From: Philippe Verdy (verdy_p@wanadoo.fr)
Date: Wed May 28 2008 - 07:03:09 CDT
Kenneth Whistler
> John Jenkins said:
> > > UTF-16, after all, is stateful: if you lose the BOM, things
> can look
> > very different.
>
> That is true of the UTF-16 encoding *scheme*. (See TUS 5.0,
> D98, p. 106.)
No, I also included the encoding *forms* as well, without reference to the
byte order, but just the relative order of code units.
The BOM is another case where you need *another* state variable. But even in
encoding schemes without any BOM, you need a state variable to parse the
encoded text. This is true for all encodings that are handling streams of
code units or streams of bytes, and in fact any data stream where there's
always a relative order needed to interpret them (at least up to the level
of bits, or discrete numeric symbols in communication and transport
devices).
The *only* level that is stateless in Unicode is the level of the stream of
*code points* that have their own distinctive identity and their own
properties independantly of their context, but may still be given some
additional infered properties from the context (such as the effective
directionality for characters with weak or neutral directionaly). Code
points exist as undividable single points in a well defined discrete space
(i.e. as elements in a finite set), and they don't have any "length" or
"current state", their cardinality is always 1 for encoding only their
existence.
Their effective representation (as a integer number or as a boolean bitset
with just one bit set to one) is not relevant, and not even their relative
order (the encoding space itself has no dimension, even if it is enumerable,
and efectively defined along with a normative enumeration that maps them to
integers, but without saying that they would be integers themselves, as code
points have *no* defined arithmetic behavior except in small subsets of the
space for some applications).
Of course, to handle code points in computers, you need at least an encoding
form (at the interface level) or scheme (for the effective storage or
transmision). Such mapping (encoding and decoding) always requires a
stateful operation, even for the simplest UTF-32BE or UTF32-LE encoding
schemes. The good question to ask is where the state variable resides: in
the encoder/decoder themselves, but not anywhere in the data stream of code
units, bytes or bits. Such state varaible gets set in operations known as
"I/O" operations: all these operations are ordered (in processing time, or
storage address, or relative position in the stream).
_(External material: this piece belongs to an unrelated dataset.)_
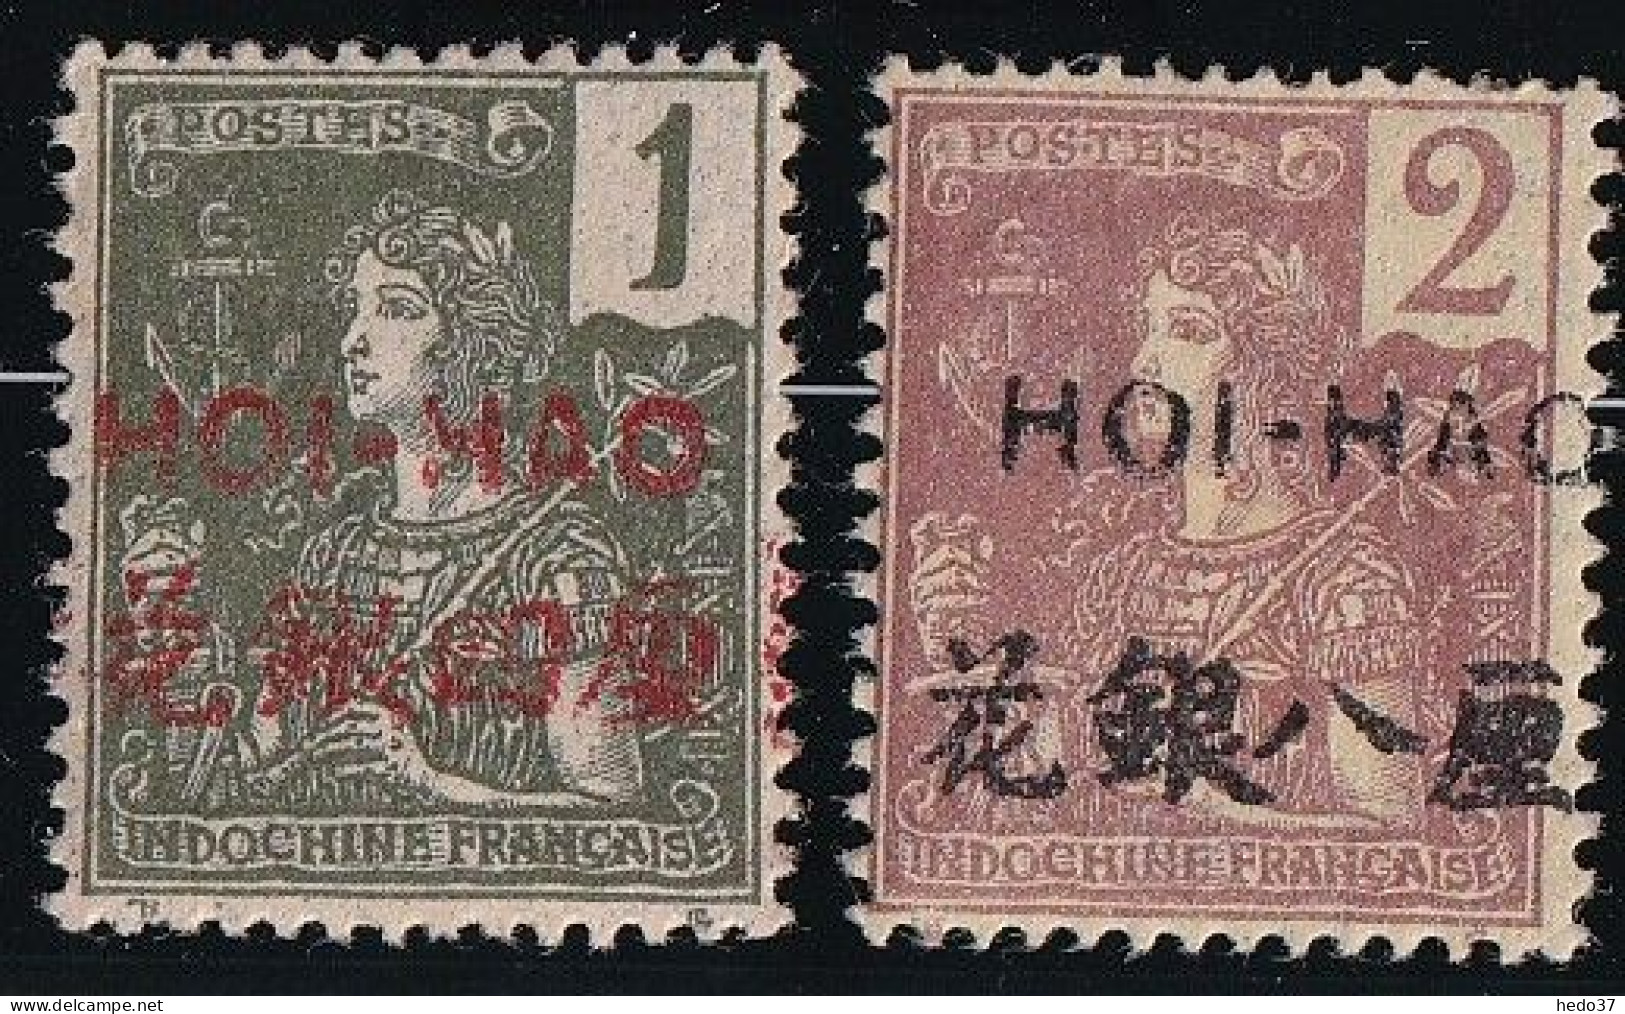 Hoï-Hao N°32/33 - Neuf * Avec Charnière - TB - Unused Stamps

Saying that any encoding scheme or form is stateless is completely false:
all you can say is that some representation require *less* free state
variables than others, but you absolutely cannot exclude *all* state
variables. As a consequence, *all* Unicode encoding schemes or forms are
stateful (the only exception is the UTF-32 encoding form when working with
it at the interface level, because this is the only standardized
representation that uses a bijective one-to-one mapping between code points
and numeric code units).
You can also compare the various schemes or forms by the amount of space
needed to store these state variables:
* for UTF-8 streams of bytes without BOM, this space is a number from 0 to 3
(so it requires two bits) ;
* for UTF-8 streams of bytes with possible BOM, you need another bit of
state to represent the presence or absence of the leading BOM ;
* when working at the bit level, you need three other bits of state to
represent the bit position and order in bytes.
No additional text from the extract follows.